Still, Marston is determined not to dwell on the negatives. Even with the cold and frosty weather this spring, which slowed the progress of crops, he is optimistic about this year’s fruit – forecasting the conditions would yield “larger and juicier British strawberries than previous years”. Forecasts for other berries are due imminently.
And he believes berry farming remains an attractive industry as a whole. While Defra has proposed paying older arable and livestock farmers to leave the industry to make way for younger generations, he points out berries don’t have the same succession issues.
“Unlike some sectors of farming where the children of growers look at the sector and think it looks deeply unattractive, I don’t think that’s the case in berries,” Marston says. “These are big, professional farms and most are seeing the next generation coming on board.”
Now, the main challenge for the BSF is to get the next generation of shoppers to buy berries. “The biggest buyers of berries are young families with kids,” points out Marston. “And older purchasers tend to eat berries because they always have. But if you look at people who are single, perhaps in their 20s and male – they are less likely to buy berries.”
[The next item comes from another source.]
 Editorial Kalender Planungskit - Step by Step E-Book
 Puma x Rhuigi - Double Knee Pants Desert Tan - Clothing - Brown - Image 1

He suggests that may be down to younger shoppers eating on the go more often, but clearly that hasn’t been an issue during lockdown. So Marston sees marketing as a key way to remove any remaining barriers to consumption. The aforementioned Jessica Ennis-Hill campaign is one example of how the industry is tackling the issue head on. And Marston says BSF has been trying to better target the next generations through social media, too, using influencers and featuring slick “movie-style” clips of fruit.
Most importantly, over two-and-a-half decades after entering the berries industry, he believes there are still plenty of exciting developments to come. Private capital is pouring into vertical farms and there are even picking and packing trials with robots. Marston suggests, half-jokingly, that berries could eventually be grown in polytunnels in car parks.
“In 25 years’ time, berry farms could be very different places to what they are at the moment,” he reckons.
One thing is for sure: Marston will never need to dress up as a strawberry to gain attention again.